How many times have you seen me go into that cave in my personal life? Yeah. Yeah, I know this cave well. It’s not so much the physical implications of the cave. We call it a «man cave,» and that’s supposed to be a good thing, but when a man goes in the cave, the cave of your own counsel… Now the Enemy has you right where he wants you. As many times as I’ve preached about the cave, there’s something that’s even more important than where Elijah ended up in the cave, because God called him out of the cave. By the time he got there, the Bible says… Have you ever seen this before in verse 8? It says, «He traveled forty days and forty nights».
Now, the last recorded conversation he has had with God happened 40 days ago. You cannot go 40 days on the strength of your last conversation with God. You cannot go four days on the strength… You can’t go four hours. You can’t go four minutes. Let me tell you a little secret. When I’m preaching, I’m talking to God about you while I’m talking to you about God. If you could see the conversation in my head… In between each sentence is an internal conversation where I’m saying, «What do they need next, Lord? Of what I’ve studied, of what I’ve prepared, what do you want to say next, Holy Spirit? Oh, thank you for that, Lord. That’s good. No, I’m going to skip that, because that’s me; that’s not you, God. Oh, I’m going to say this next, because it might be vulnerable, but it might help set somebody free».

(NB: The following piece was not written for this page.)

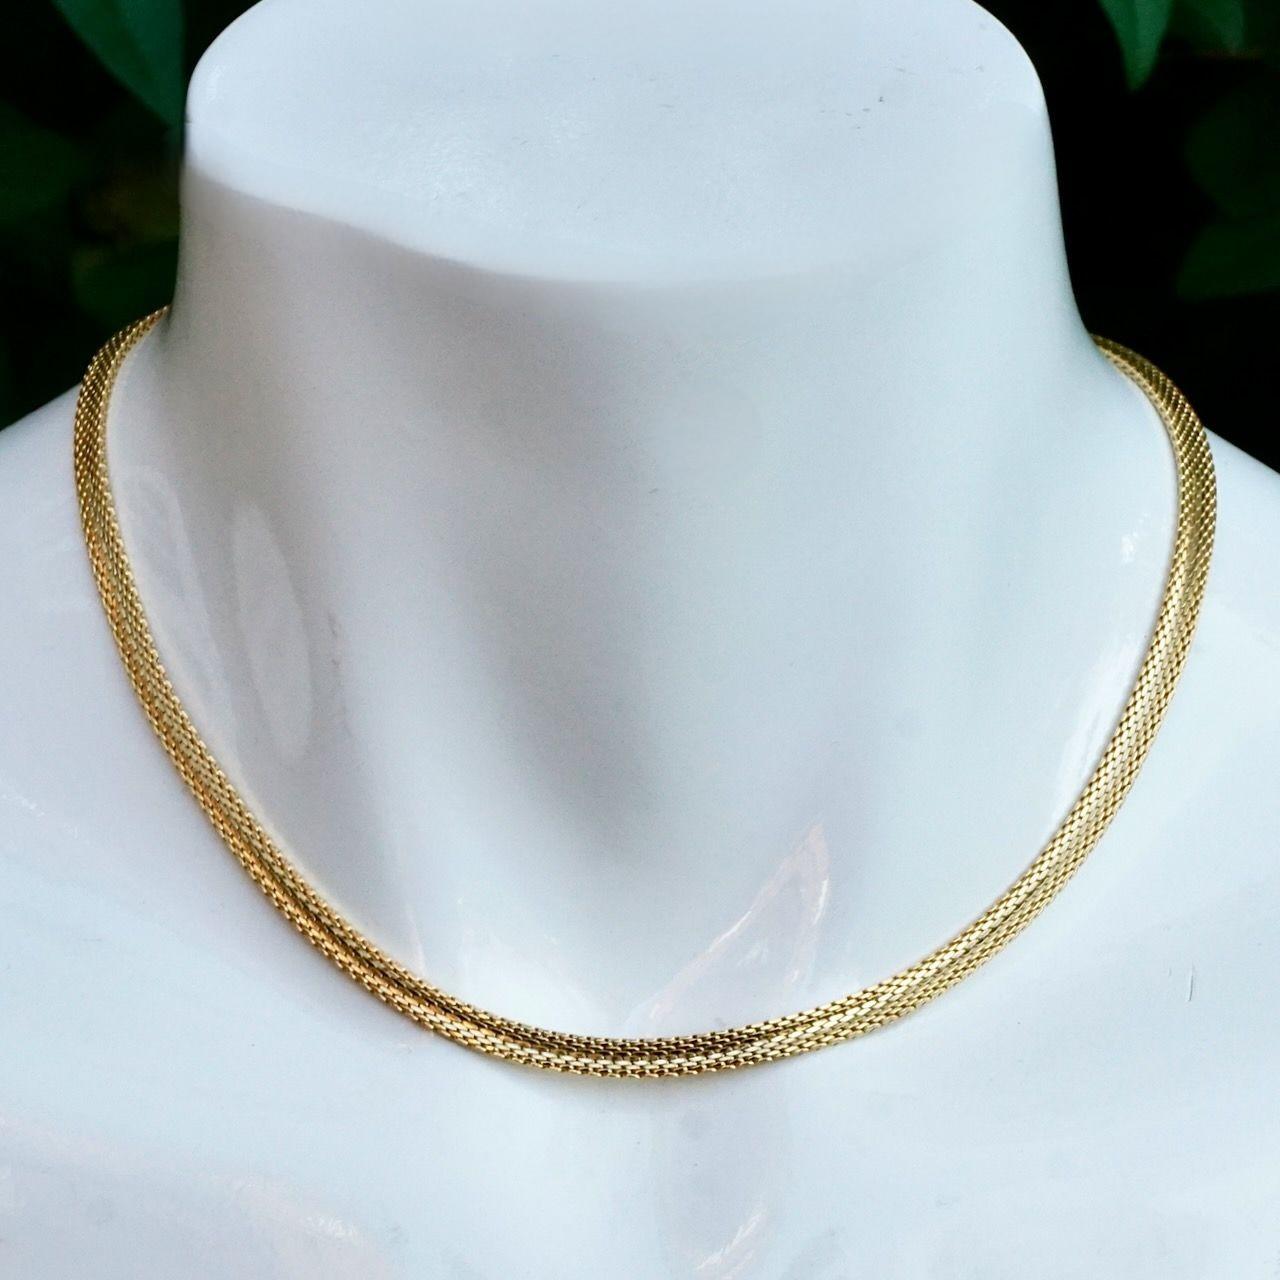 Gold Plated Egyptian Revival Textured and Shiny Mesh Collar Necklace circa 1980s 1
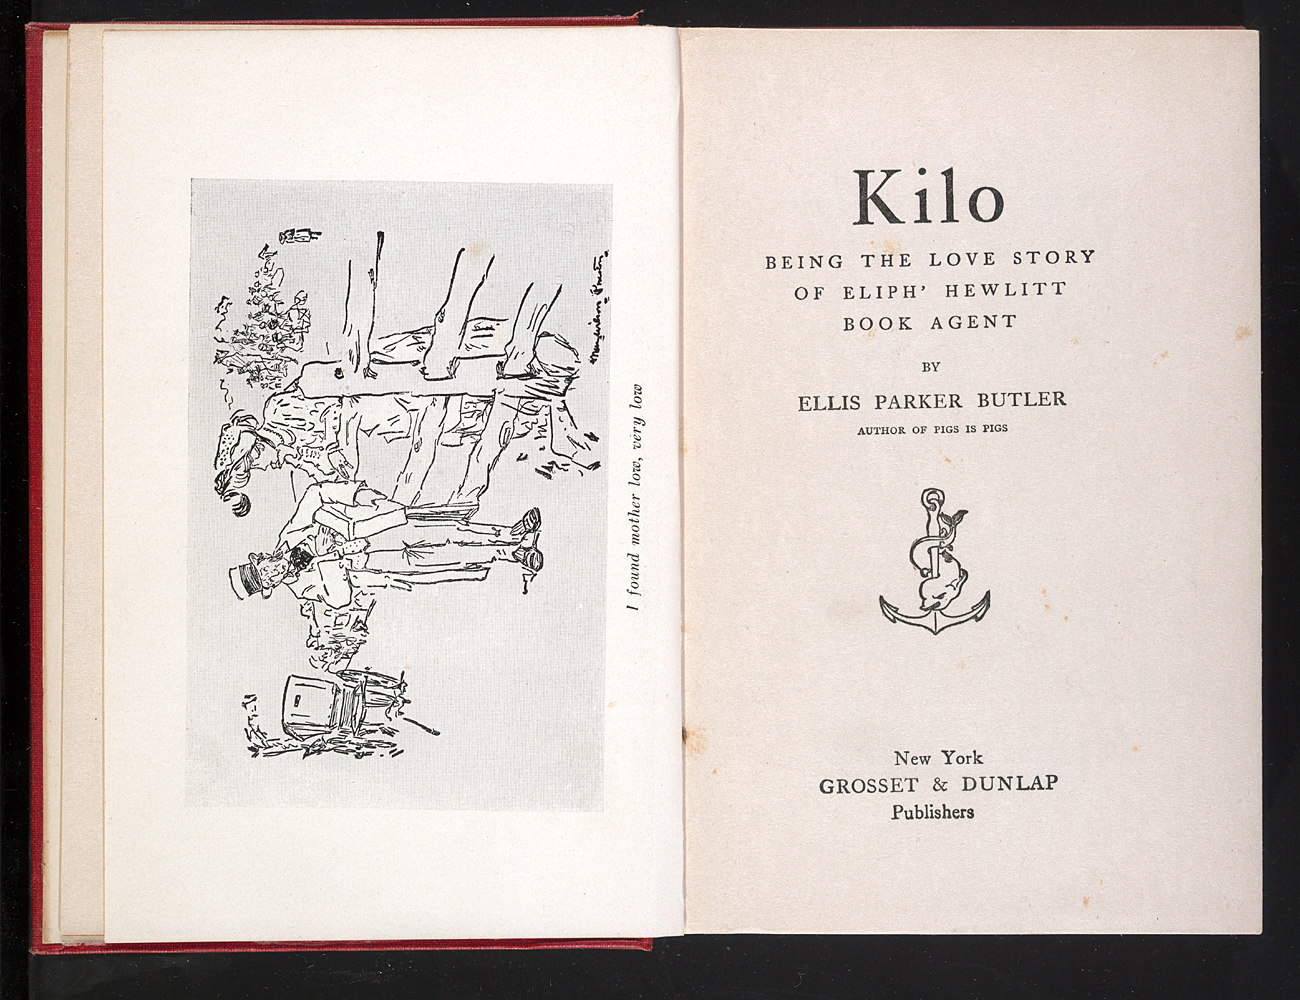 Kilo: Being the Love Story of Eliph' Hewlitt Book Agent interior cover illustration a salesman flirts with a woman by a fence

That constant conversation with God is not just for preachers. It’s for all God’s people. Yes, you. Forty days is too long for you to go. I told you last week you can’t let every Sunday be the next time you expect God to speak. You really can’t. The way people do church now, it’s probably, if we’re being honest about it, about every three or four Sundays people come. So, when I say what I preached two weeks ago, some of you all are like, «Was that your Easter sermon? That’s the last one I heard». I’m not beating up on you. That’s fine…we all get busy…just as long as you are talking to God along the way. The last thing he said to God was, «Kill me. I’m done. That’s it. I’m finished. I have had enough, Lord».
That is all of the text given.